Des jeunes qui font du trois-skis dans la côte King. Des policiers qui patrouillent en ski-doo. Des conversations sur la météo avec de purs inconnus («Y a neigé, hein?» «Mets-en!» «On en a eu une grosse. Même ma souffleuse m'a lâché.» «Lâche pas!?»). Un représentant de la Ville de Sherbrooke qui dit aux nouvelles qu'un déficit est inévitable avec toute cette neige (on s'en fout; on veut juste que les rues soient déblayées comme du monde). On se souviendra longtemps de ce 7 mars 2011 et de cette tempête qui a transformé l'Estrie en un semblant de village du père Noël.
Étant redevenu un skieur au début de l'hiver, j'ai accueilli cette neige avec joie et contentement; il me reste encore quelques belles fins de semaine de ski alpin avant la fin de la saison. D'ailleurs, je me suis promis que j'irais encore au mont Orford, juste au cas, même si ses publicités télévisées rivalisent de nullité avec celles des Résidences Soleil.
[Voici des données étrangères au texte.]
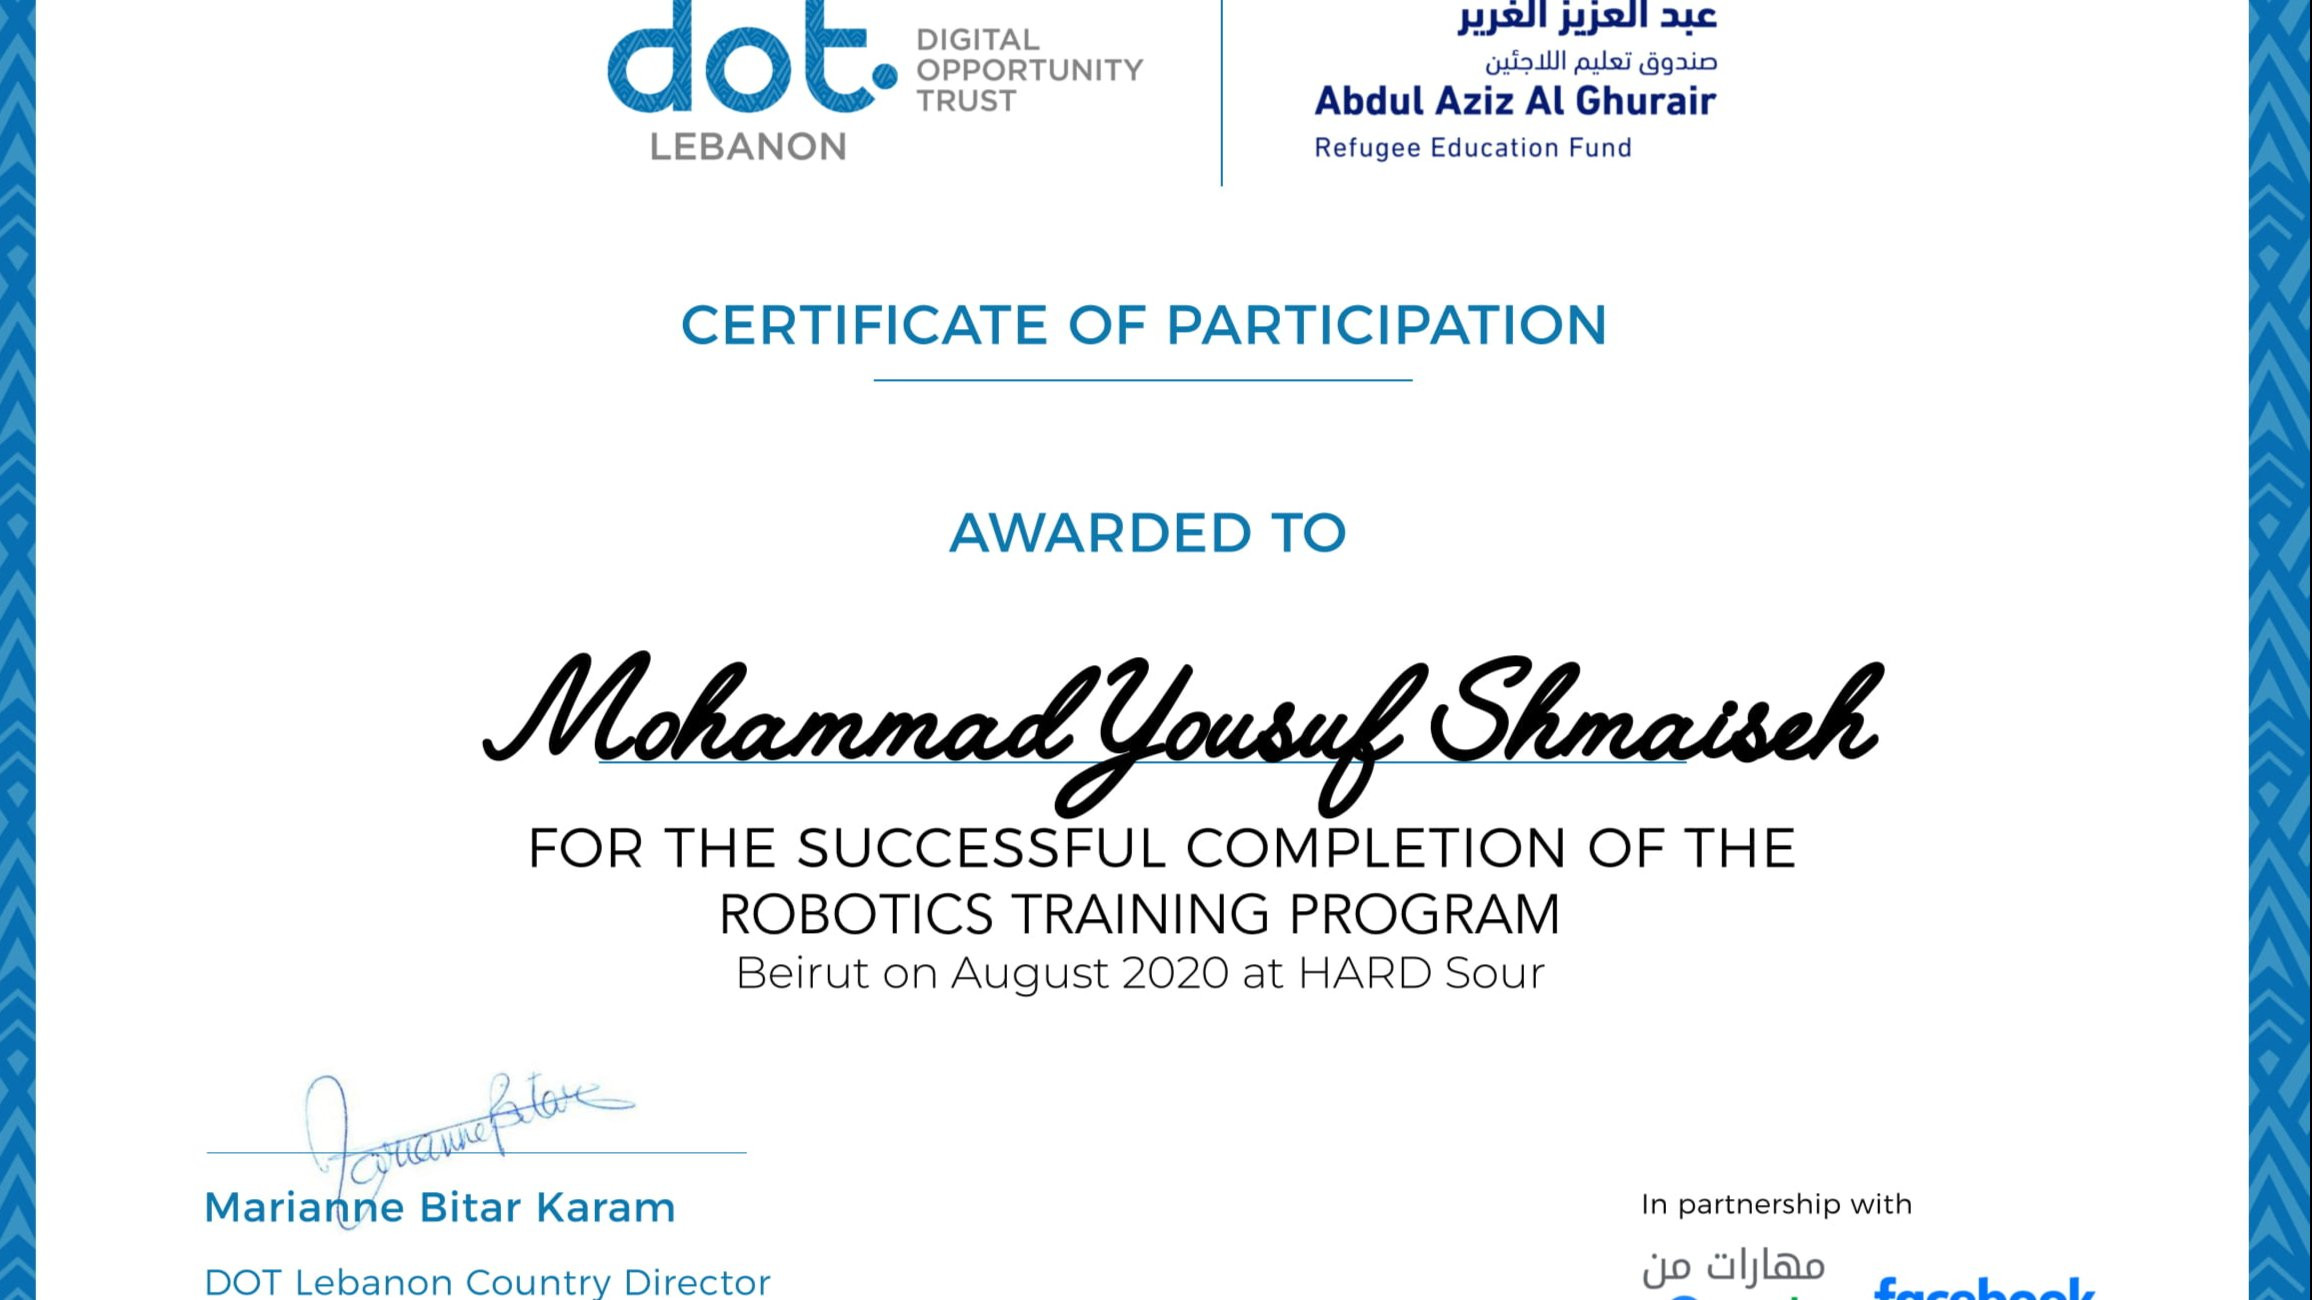 Robotics Training Program Certification

Personne ne le souhaite, mais comme nous le rappelait récemment Radio-Canada, cette station de ski pourrait connaître le même sort que celle de Montjoye à la fin de l'hiver, soit le démantèlement de ses installations (en plus de celles du terrain de golf). Après la date butoir du 23 mars prochain, si aucun partenaire sérieux ne soumet de proposition à la MRC de Memphrémagog, le scénario catastrophe sera envisageable. Heureusement, plusieurs entreprises auraient montré de l'intérêt envers le projet de «société d'économie mixte» (la formule public-privé retenue par la MRC). Reste à savoir si elles ont les reins assez solides pour allonger le magot nécessaire (1,5 million de dollars).
Avant de se prendre la tête
Juste pour un court instant, envisageons l'option pessimiste…
Orford sans station de ski, ça ressemblerait à quoi? À un village fantôme? Qu'adviendrait-il de ces commerçants et hôteliers qui dépendent de la manne de skieurs? De plus, la chute de la valeur des propriétés aux abords de la montagne serait inévitable, non? Difficile de contourner le principe de l'offre et de la demande…
Les différents groupes d'environnementalistes et de citoyens ont fait leur devoir en montant aux barricades pour revendiquer que les 459 hectares de terrain qui allaient être vendus soient réintégrés au Parc national du Mont-Orford. On salue leur victoire. Toutefois, sachant qu'ils risquent de se retrouver le bec à l'eau, est-ce que les résidants d'Orford regrettent aujourd'hui d'avoir milité en grand nombre aux côtés de Clémence DesRochers? Je pose la question.
On ne peut pas être contre la vertu… sauf peut-être lorsque celle-ci risque de nuire à la collectivité.
Mais attendons quelques semaines avant de se prendre la tête et de regretter d'avoir fait fuir les investisseurs de l'époque. D'ici là, on se croise les doigts.